Writing your book is isn’t the only part of being a writer, and it may not be the hardest part or the most important.Your unquestionable eloquence aside, it’s precious little good to write a fascinating book if you can’t get anyone interested enough to read the damn thing.
Did anyone ever come up to you and ask, “So, what is your book about?”
In response, you find yourself stumbling and stammering, “Oh. Well, it’s about this guy – it’s set some time in the future, you see. Anyway, he works at a glass-blowing factory in Manchester. He’s poor, you know, but his wife wants a fur coat. So anyway, he decides to raise chinchillas…”
“Uh-huh, uh-huh…” He/she looks over your shoulder and says something like, “Sounds interesting. Hey, there’s no one at the taco bar. Excuse me.” And off they scamper, spending the rest of the evening avoiding you.
What you need for such occasions is an elevator pitch.
The elevator pitch is nothing more than your book distilled down to its essential hook – the core premise, situation, or theme the rest of the story is built around. It should be much shorter than a book description (perhaps two sentences and only about 50 words).

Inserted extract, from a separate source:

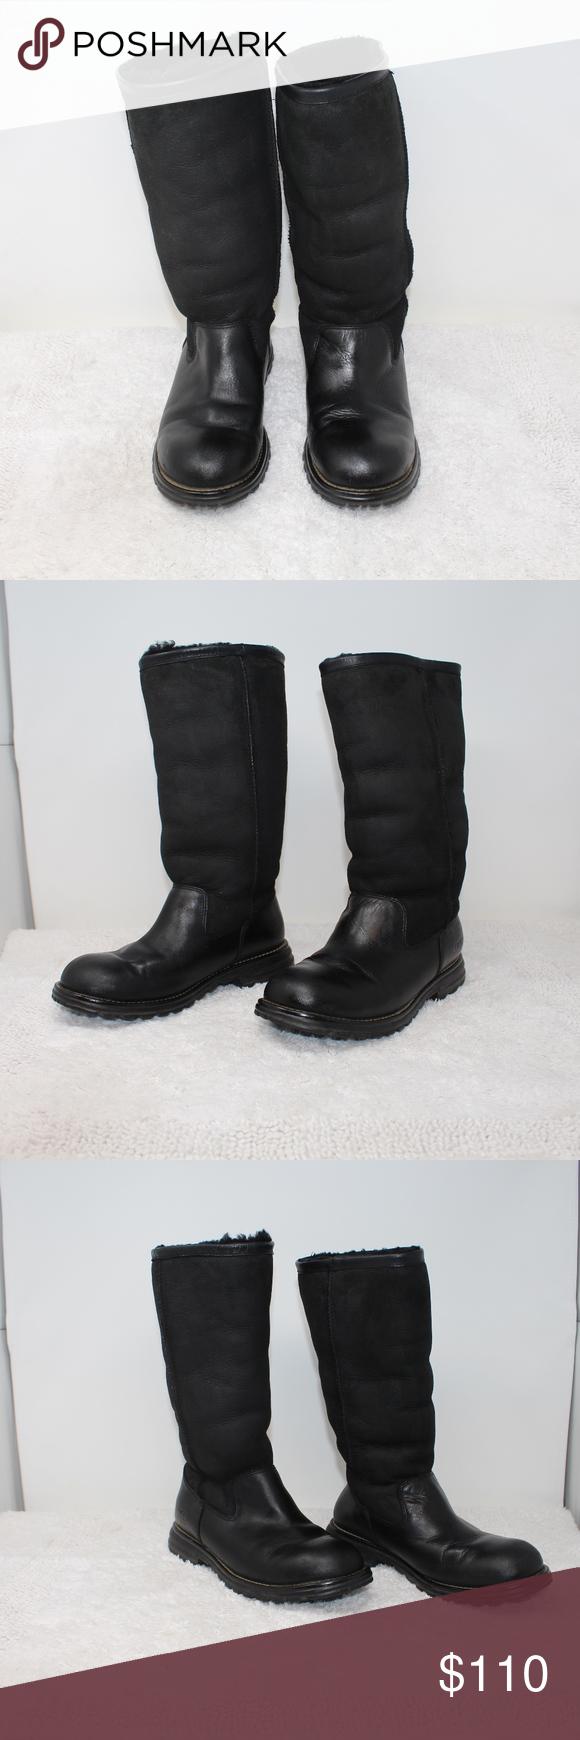 91b42e7b8b0 UGG Brooks Brook BLACK Suede Leather High Boots 7 Size 7, EU 38 ...

Most critically, it should be something that both intrigues and is easily memorizable.
It is difficult enough for most authors to write a coherent book description. Writing an elevator pitch seems to be an even greater challenge. I believe a part of the reason for this is that we come to these tasks fresh from the arduous work of writing our books. We have spent months or perhaps years crafting complex and intricate plots, painstakingly-developed characters, and rich, sharp dialogue. Forcing ourselves to peel away all that we have worked so hard to produce is counter-intuitive. Everything in the story seems so essential, so important. How can we possibly encapsulate all that within the scope of a mere few words? I think this is why many book descriptions seem to try to incorporate every character, every challenge, every peril; all the while, doing none of them justice.

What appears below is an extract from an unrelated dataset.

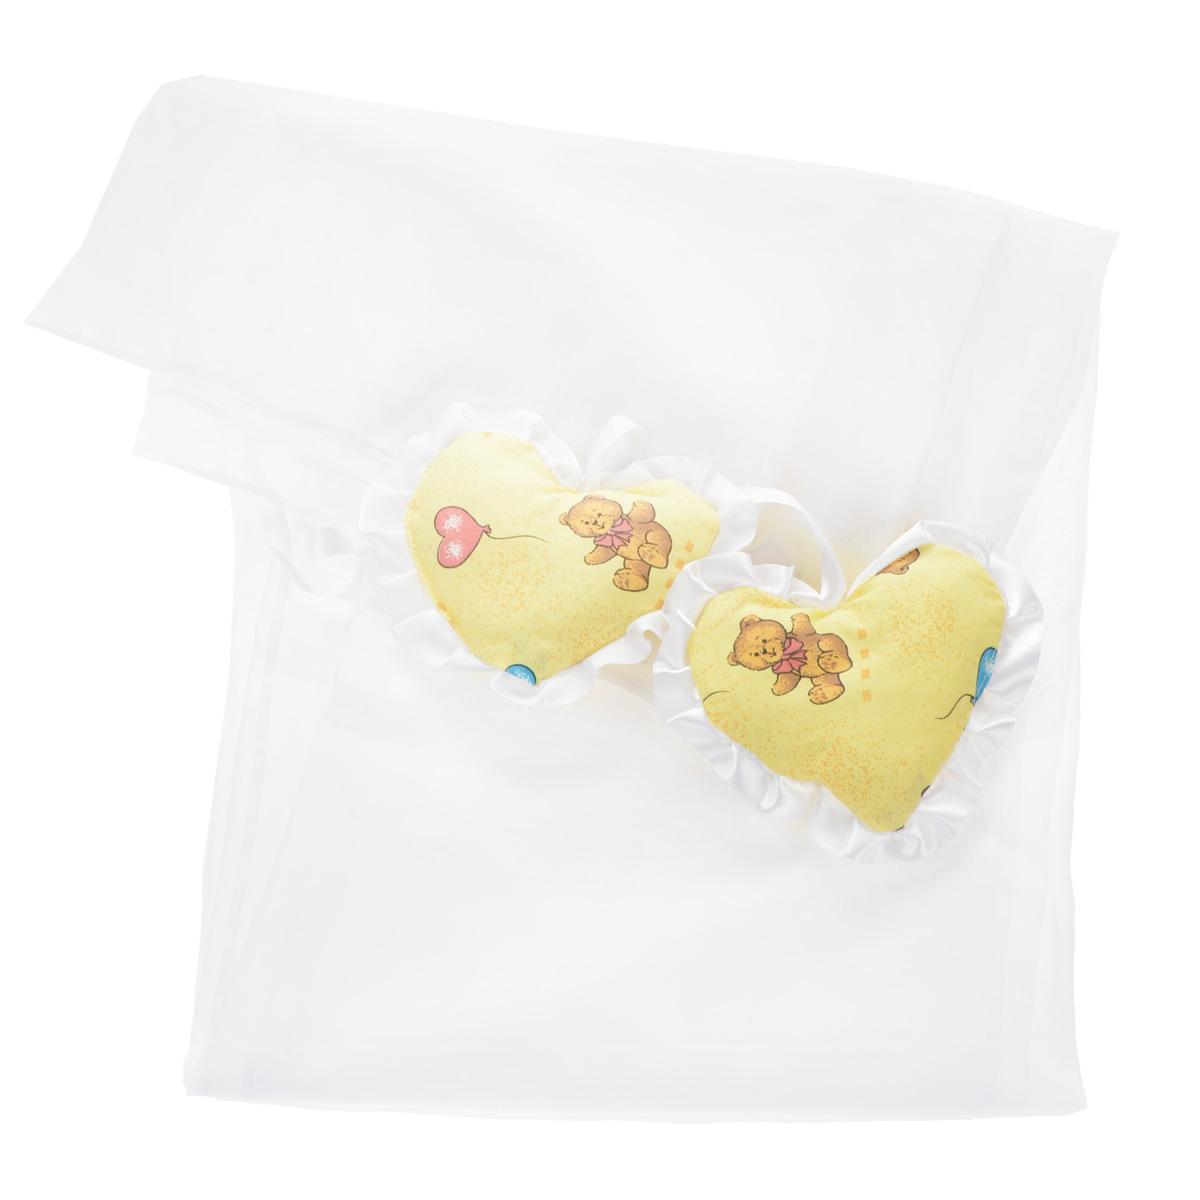 Балдахин Фея, цвет: белый, желтый, 250 см х 150 см

But starting at the completed story and working backward to create the book description, elevator pitch, and tagline is reverse-engineering. When you started writing your book, you started with an idea, a situation, or a question. Your book sprang from that starting point:
Future civilization is ruled by vampires who have enslaved and genetically altered the majority of mankind. The captive humans are like farm animals who produce too much blood and would die on their own, but one girl yearns for freedom. Can a wildling boy help her escape?
That’s 47 words. That’s a hook. But then, you write the book, and man, does it have some subplots in it. See, the captive humans are well-fed and cared for by the vampires, but the wildlings are always near starvation, afflicted with disease, and warring with each other. Don’t forget the forbidden romance between the wildling boy and the captive girl. There is probably also a traitor among the wildlings, feeding information to the vampires in return for food or medicine. Oh my goodness, all kinds of interesting subplots spring up once you start writing. And, it’s all so good.
All that stuff won’t fit into an elevator pitch. That stuff needs more elbow room. You can address the other elements in the book description. Don’t feel like you have to cram everything in.
When you craft your elevator pitch, go all the way back to the beginning, to where you first had the thought for the book. Write down that thought. Play with it. Simplify. Simplify again. Shrink it down mercilessly to its vital essence. Bounce it off a few people.you trust. When they say, now, that sounds like a book I’d want to read, STOP. You have your elevator pitch.